2) Lech Kaczyński to uczciwy lider związkowy, ale trochę naiwny człowiek, zbyt ufający ludziom
W tych czasach (1984) Lech Kaczyński faktycznie kieruje Regionem Gdańskim podziemnej Solidarności. Molka był pod wrażeniem działacza o posturze dobrotliwego misia. Kaczyńskiego uważał za niezwykle pracowitego gościa. Molka: ” Kaczyński był wzorem uczciwości. Niestety, był zbyt łatwowierny. Wśród opozycjonistów byli oszuści którzy chcieli oskubać go z kasy.
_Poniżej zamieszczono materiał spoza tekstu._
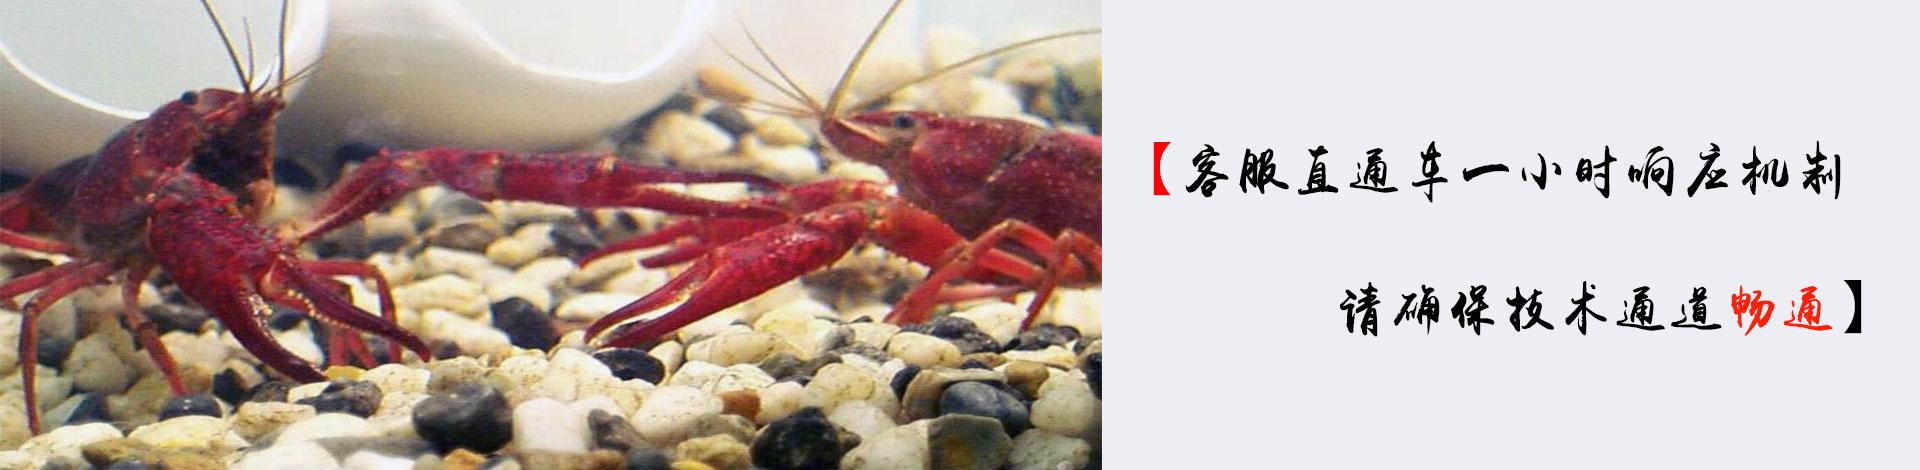 龙虾养殖技术

Kaczyński nie zdawał sobie sprawy z tego, ile bezpieka o nim wie.
3) Opozycjoniści kradli na potęgę, uprawiali orgie, zdradzali swoich małżonków
Zdarzało się, że Kaczyński dawał komuś 2000 dolarów, a do struktury na dole docierała może jedna dziesiąta tej sumy, reszta ginęła po drodze. Wartość dolarów na czarnym rynku była ogromna. Opozycjoniści żyjąc w zagrożeniu tracili wszelkie hamulce, mieli dzieci z kochankami, w hotelach uprawiali orgie, do dziś są nagrania z tych igraszek, bo w hotelach zamontowane były kamery. Czym ważniejszy działacz tym grubsza była teczka i te haki wykorzystywane są do dziś.
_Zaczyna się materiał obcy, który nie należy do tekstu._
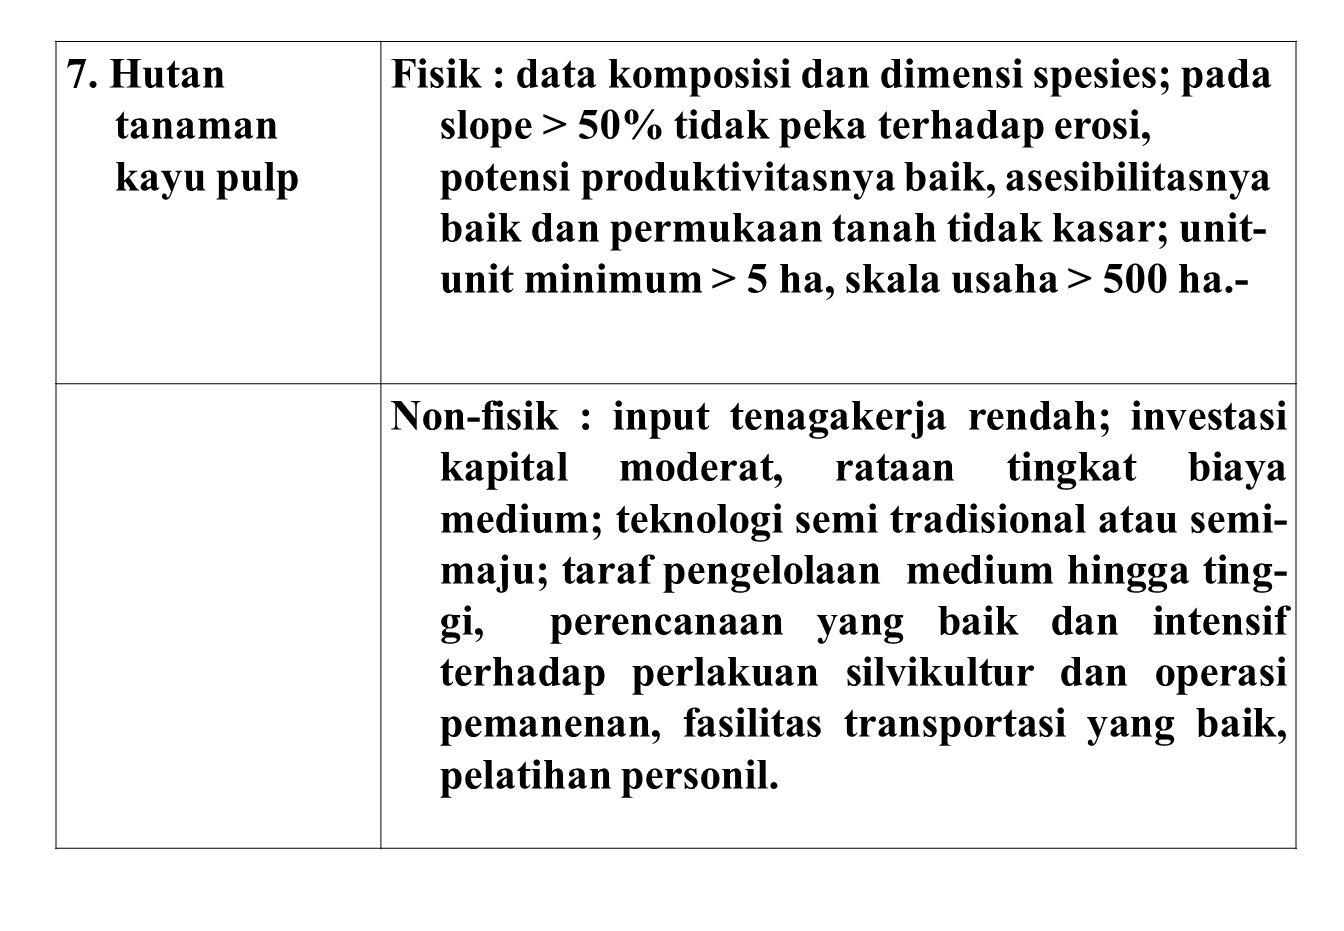 7. Hutan tanaman kayu pulp

4) Działalność Donalda Tuska zbyt mało ważna dla bezpieki, by się nią zajmować
Donald Tusk: Moim zdaniem SB nie wiedziała, że my robimy “Przegląd” . W bezpiece był chaos, nie byli dobrze zorientowani w tym, kto co wydaje. Były ubek ma inne zdanie na ten temat: Donald Tusk nie ma racji. Dobrze wiedzieliśmy, kto i gdzie redaguje Przegląd. Po stronie SB nie było mowy o żadnym chaosie. Może to przykre dla Tuska ale nie traktowaliśmy jego środowiska priorytetowo. Mieliśmy na głowie dużo groźniejsze grupy jak: “Portowiec”, NZS czy “Solidarność Walcząca”.
5) Po zamordowaniu księdza Popiełuszki cieszono się z jego śmierci
W samym MSW panuje ledwie skrywana radość. Molka: ” Dobrze, że w końcu tego klechę zajebali” Takie komentarze w resorcie były powszechne. Wznosiliśmy toasty: ” Pod zimnie nóżki księdza Popiełuszki” Sam świetnie wpasowałem się w to środowisko. Byłem antyklerykałem”
6) Po wyborach 1989 roku, nie wiele się zmienia i SB dalej pracuje pełną parą
SB – cy boją się tego, co się stanie po 1989, ale widzą, że dostają podwyżki, że większość z nich zostaje w pracy za tymi samymi biurkami, no i teraz dalej inwigilują swojego wroga nr 1, czyli Solidarność. Ubek potwierdza inwigilacje Kaczyńskiego i innych działaczy opozycji niepodległościowej po 1989 roku.
7) Macierewicz najbardziej niebezpieczny dla komuny
Prawdziwym królem agentów SB był, znajdujący się w bliskich kontaktach z Michnikiem Paweł Mikłasz. Molka: Zapytałem go kiedyś, jak agent agenta, kogo z opozycji najbardziej się obawia. Powiedział, że Antoniego Macierewicza. Ostrzegał mnie, że jest on bardzo czujny i musimy uważać.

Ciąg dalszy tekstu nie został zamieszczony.